Avec un peu de recul, doit-on penser ou croire qu'il a suffi que Paul Biya rencontre le leader du Sdf pour que certaines de ses « nobles » ambitions et son radicalisme d'antan face à la gestion de Paul Biya qu'il a toujours décriée, s'effondrent comme un château de cartes ? Ni John Fru Ndi a-t-il compris sur le tard que la loi des extrêmes est un leurre, une simple vue de l'esprit qui a jusqu'ici ouvert un boulevard politique au chef de l'Etat Paul Biya et président national du Rdpc, au détriment de sa formation politique ? En répondant à l'invitation de Paul Biya au palais d'Etoudi, Ni John Fru Ndi  découvre à ses dépends, une sagesse bien connue, qui nous renseigne qu'il est imprudent de dire : « fontaine, je ne boirai jamais de ton eau ». Que de temps perdu ! Quel gâchis en termes d'énergie ! « Nous avons perdu 20 ans pour rien. Si Ni John Fru Ndi avait mis de l'eau dans son vin en acceptant faire des concessions avec le régime en place, il y a longtemps que se seraient dissiper la morosité et le mauvais vent politique qui ont contribué à pourrir ce pays. Et les conditions de vie des populations s'en seraient trouvées améliorées » s'indigne Matip Grégoire.

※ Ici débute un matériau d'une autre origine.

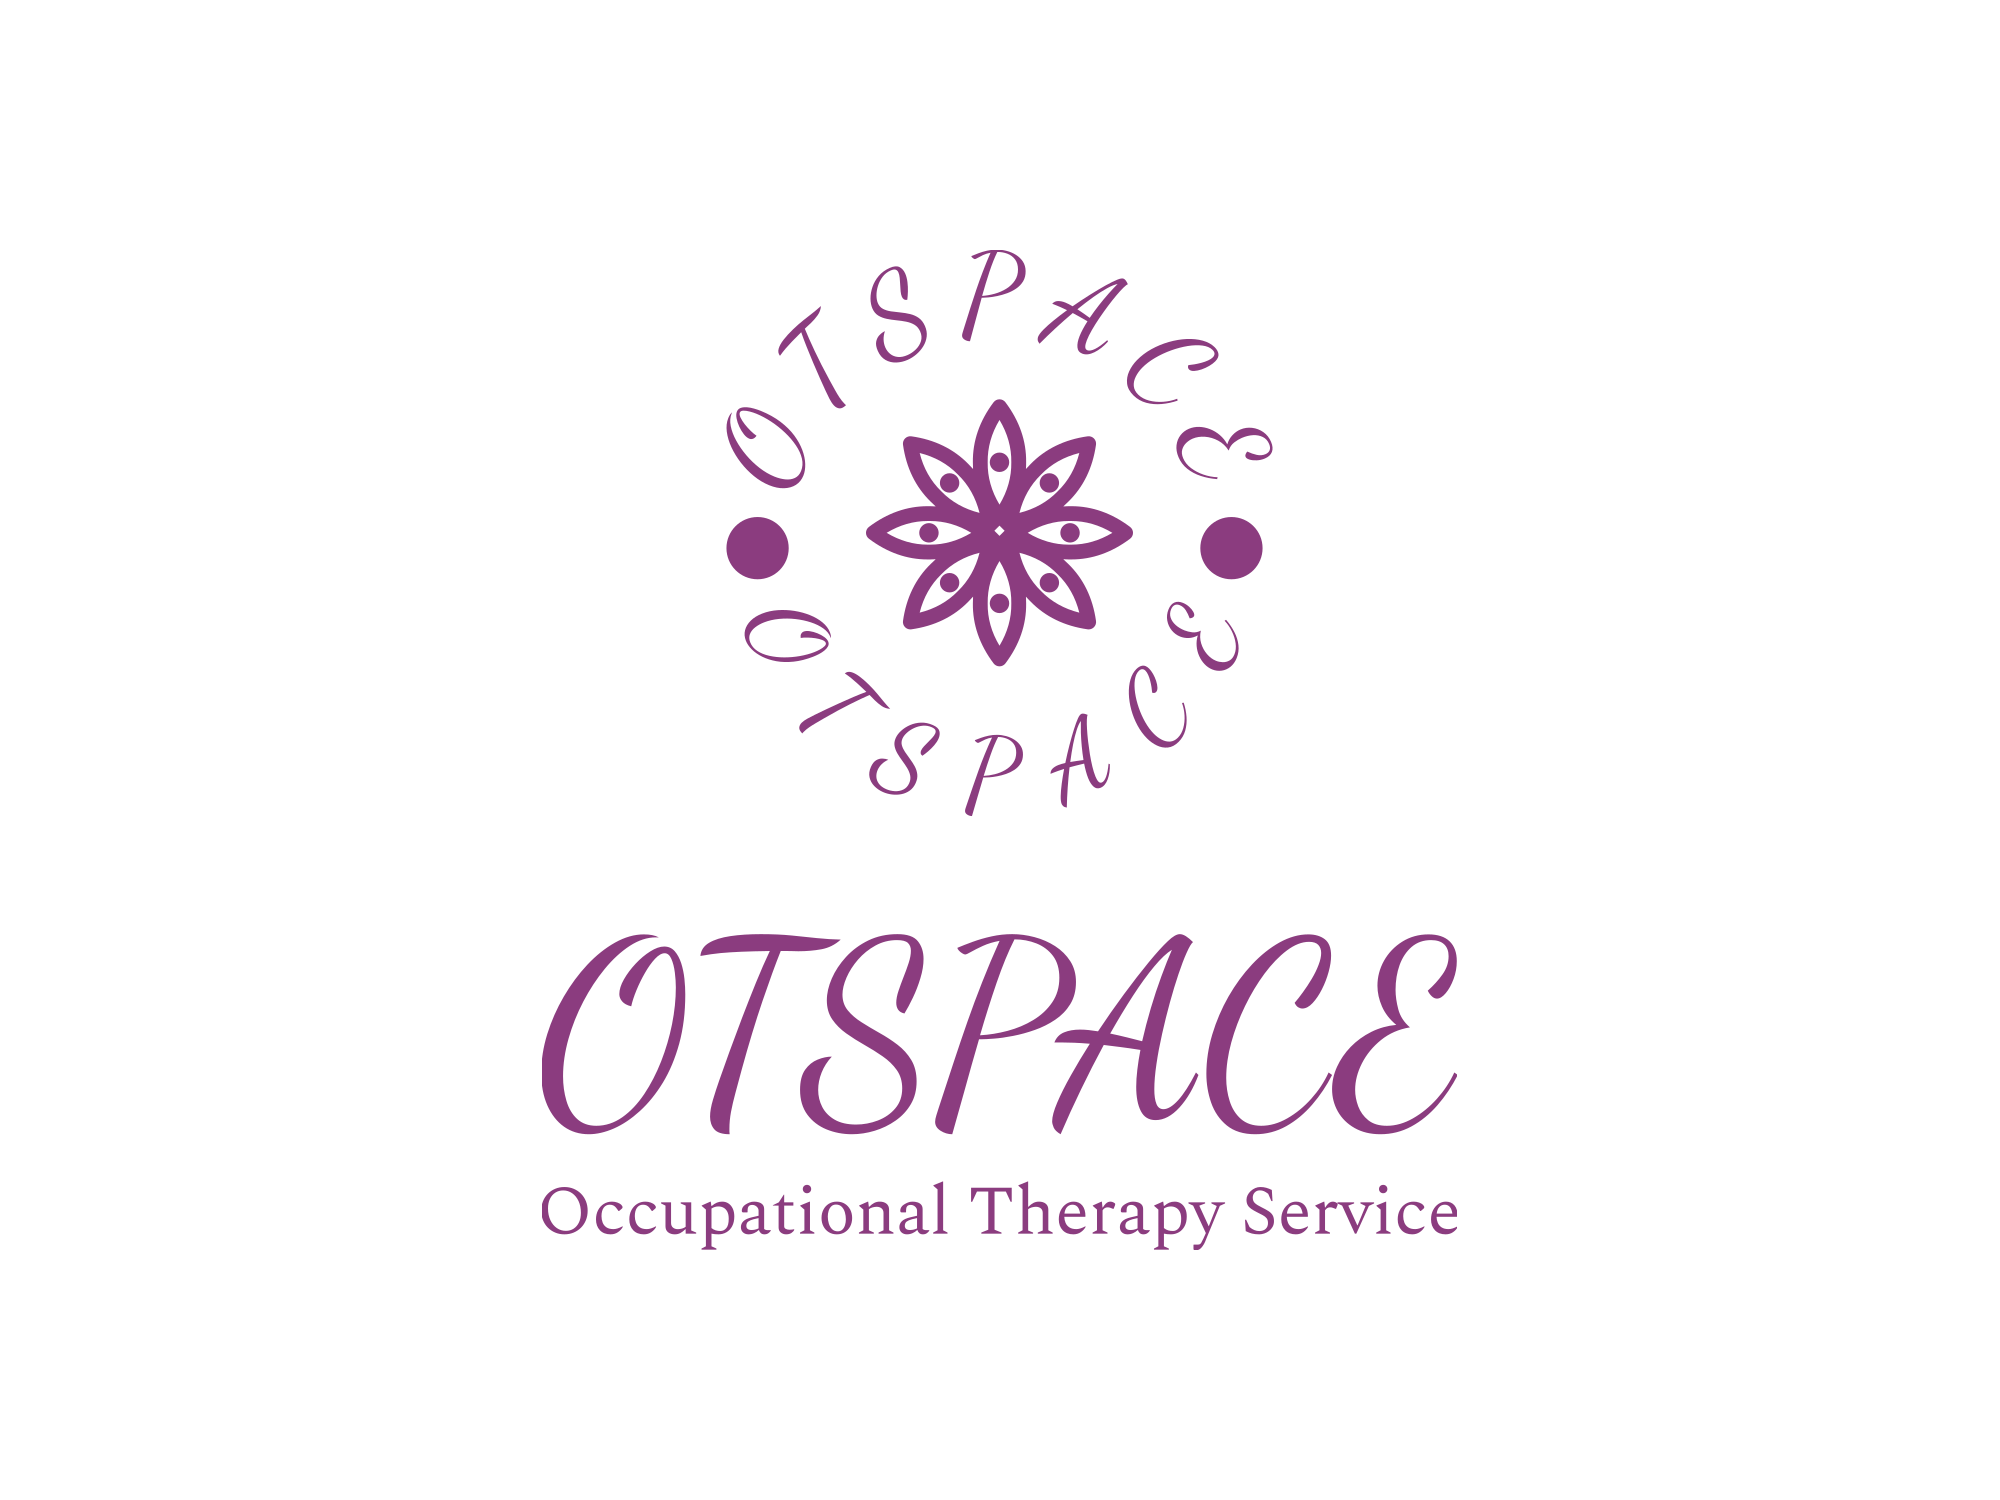 OTSpace

A quelques mois du prochain scrutin présidentiel, le Sdf fait-il alliance (enfin) avec le régime du parti au pouvoir, dans son désir d'éterniser le président Paul Biya (qui dirige le Cameroun depuis le 6 novembre 1982) à la tête de l'Etat ? Ni John Fru Ndi  tente-t-il ainsi d'accompagner le Rassemblement démocratique du peuple camerounais (Rdpc), dans sa volonté de  stériliser la vie politique à sa taille, lorsqu'on sait que toutes les stratégies mises en place restent personnelles ou partisanes dans le sens où, elles prennent le pas sur les lois de la République ? Qu'en est-il de la bataille du Sdf pour la légitimité et la crédibilité de Elections Cameroun (Elecam), l'organe chargé d'organiser et d'animer le processus électoral ? Après avoir snobé ses adversaires politiques à travers une mésintelligence qui lui a permis de remettre en cause l'immuabilité de la constitution et la limitation des mandats présidentiels, Paul Biya s'offre au souper le chairman Ni John Fru Ndi . Que voulez-vous, les plus forts ont aussi leurs moments de faiblesse. Mêmes les durs épurent...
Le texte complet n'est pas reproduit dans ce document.